CAR-T Positive Cell Identification
CAR-T cells need to undergo strict release testing before being transfused to the patient, and CAR-T cell purity testing is one of the testing items for CAR-T cell quality. Wherein, the CAR positive T cells are effective components that exert tumor killing effects and should mandatorily undergo test for the quality control of CAR-T cell products.

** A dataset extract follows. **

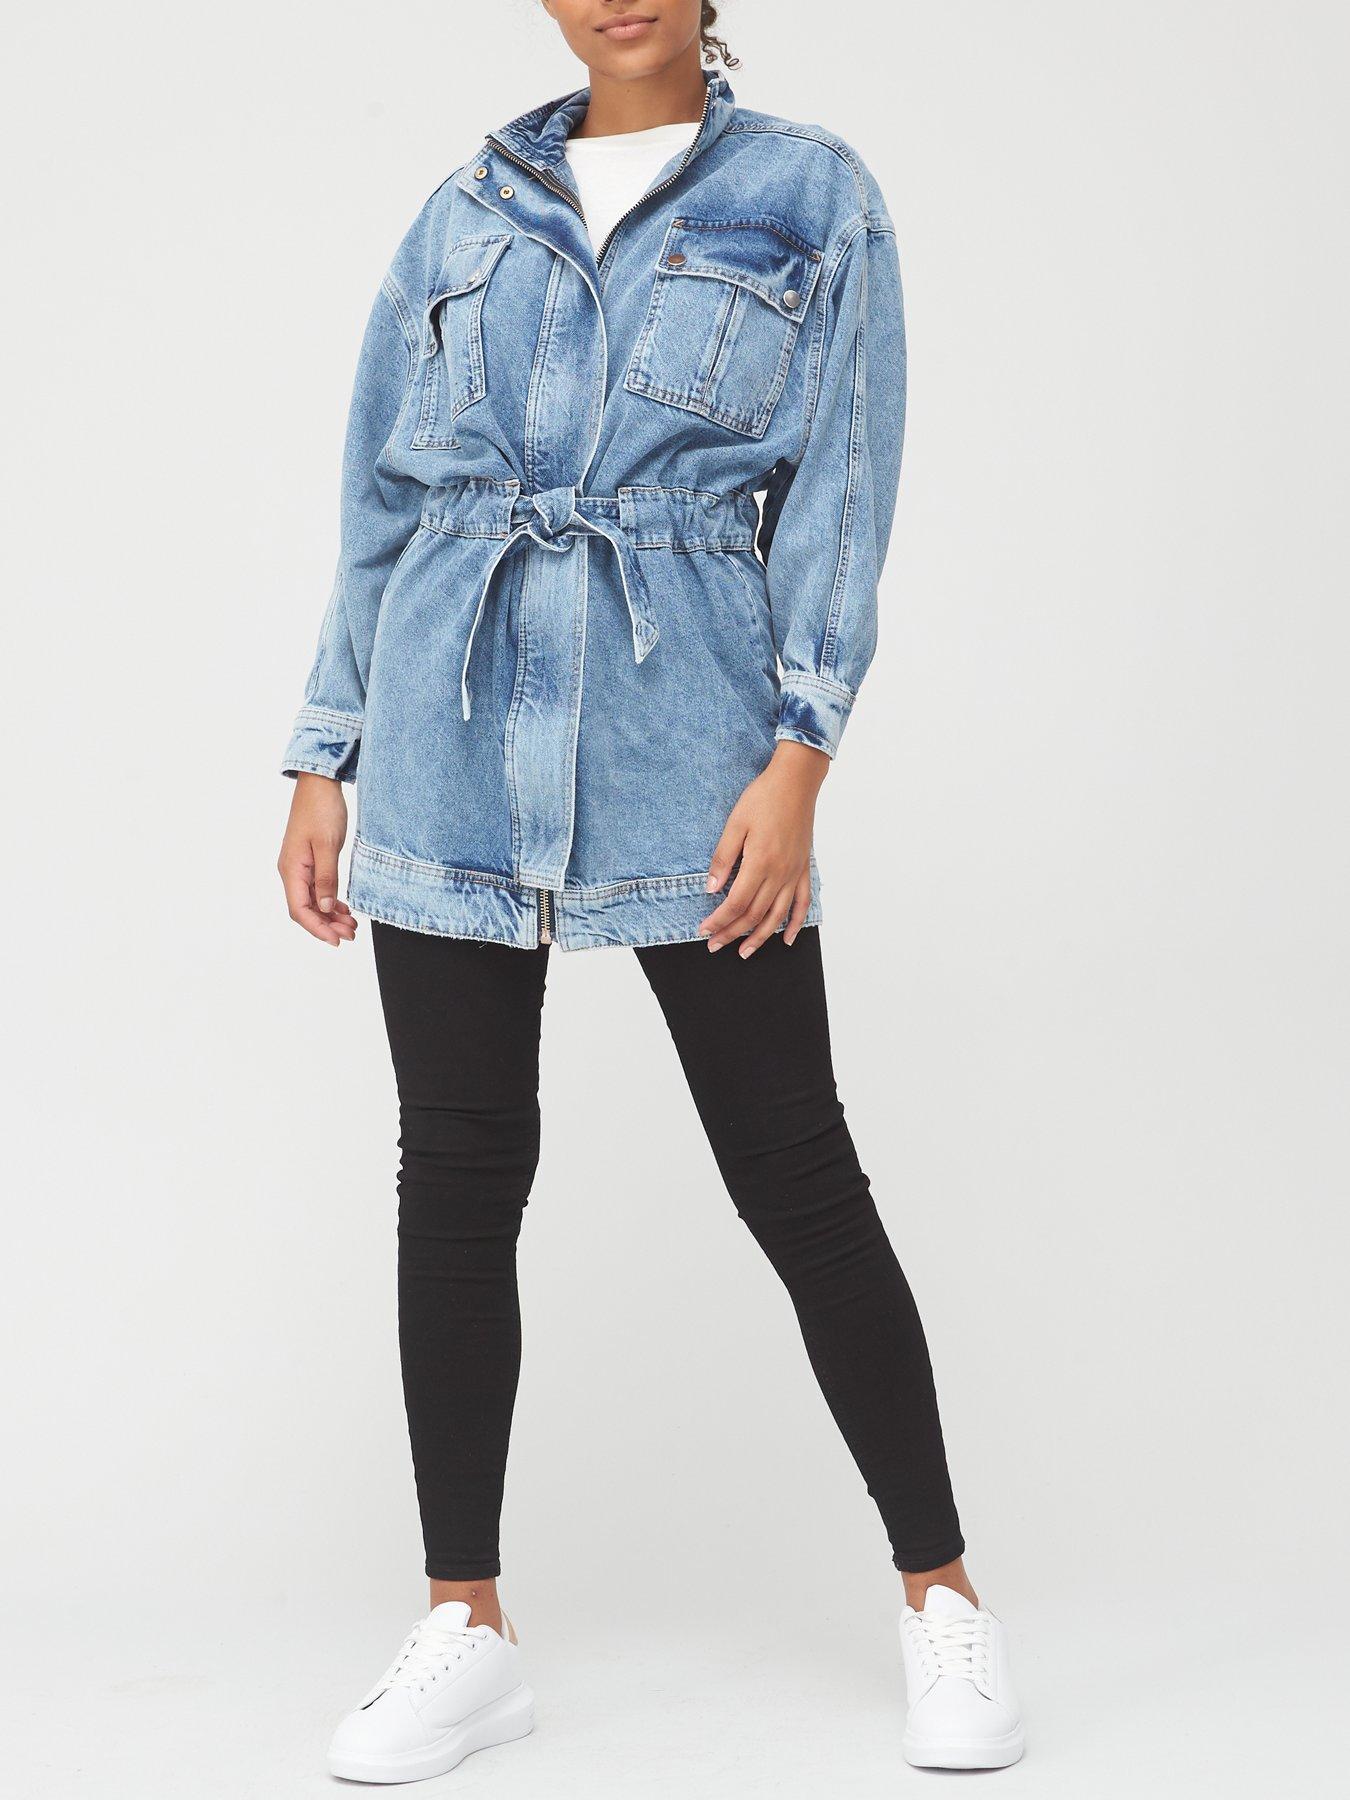 River Island Coats & Jackets | Womenswear | very.co.uk
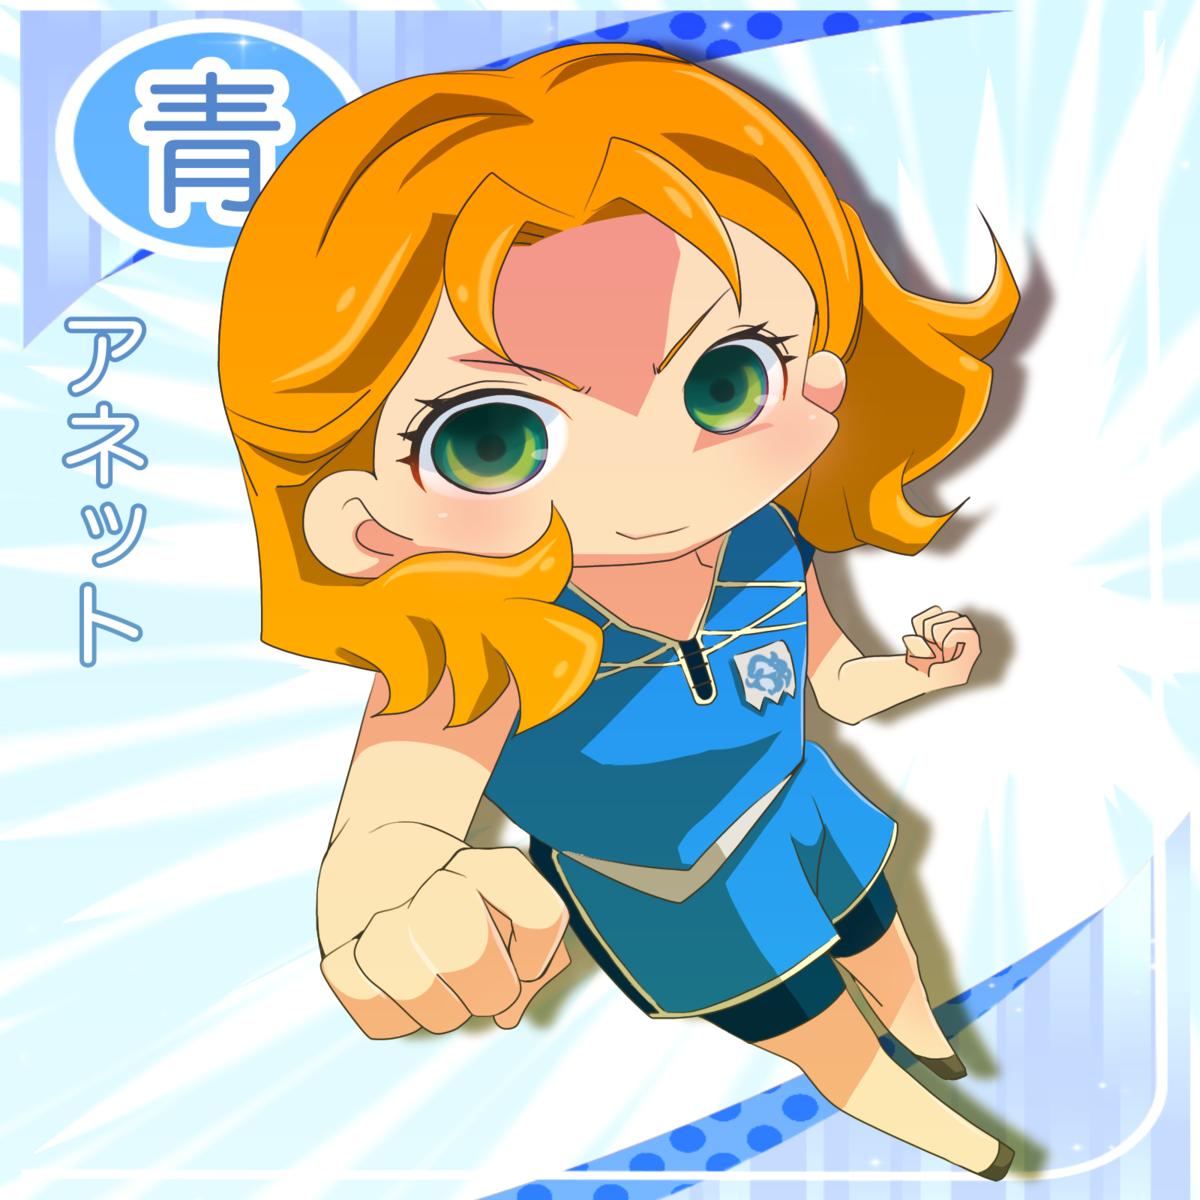 f:id:yoyogi:20201115152449p:plain

PD-1 immune test for lung cancer
PD-1 is overexpressed on the surface of CD8+T cells in the peripheral blood of tumor patients, and is closely related to the pathological changes and clinical outcome of the patients. The proportions of CD8+PD-1+T cells in the peripheral blood of cancer patients have significantly increased, and the levels of
CD8+PD-1+T cells in advanced patients are higher than those in early cancer patients. This suggests the change of the response level of PD-1 molecules in the peripheral blood CD8+T cells of cancer patients. It is closely related to the progression of the disease in patients.
MSC identification
In 2006, the International Society for Cellular Therapy clarified the identification criteria for mesenchymal stem cells, i.e. meeting all the following conditions:
- adherent growth;
- expression of CD105, CD73, and CD90 (≥ 95% detected with flow cytometry), other than CD45, CD34, CD14 or CD11b, CD79a or CD19,
HLA-DR (≤ 2% detected with flow cytometry) one cell surface; - With stem cell characteristics and able to differentiate into osteoblasts, adipocytes, and
chondrocytes.
Bacteria Detection
Bacterial vitality testing is generally conducted with dead/live dyes such as PI, 7-AAD, primary amines and SYTOX, etc. The range of Challenbio flow cytometer detection is within the range of 0.2 to 50 um, and the beadless absolute counting can be used.
Plant ploidy analysis
The nuclear DNA content and genome size of plants are crucial for studying the biodiversity in multiple research fields of botany. The polyploidization of plant cells (i.e. C value) has important biological significance in the study of the individual growth and development. The detection of plant ploidy with flow cytometry is rapid, accurate, and intuitive. Its application in botany is becoming increasingly widespread. The model organism Arabidopsis plays an indispensable role in botany research, and is widely used in the analysis of plant ploidy.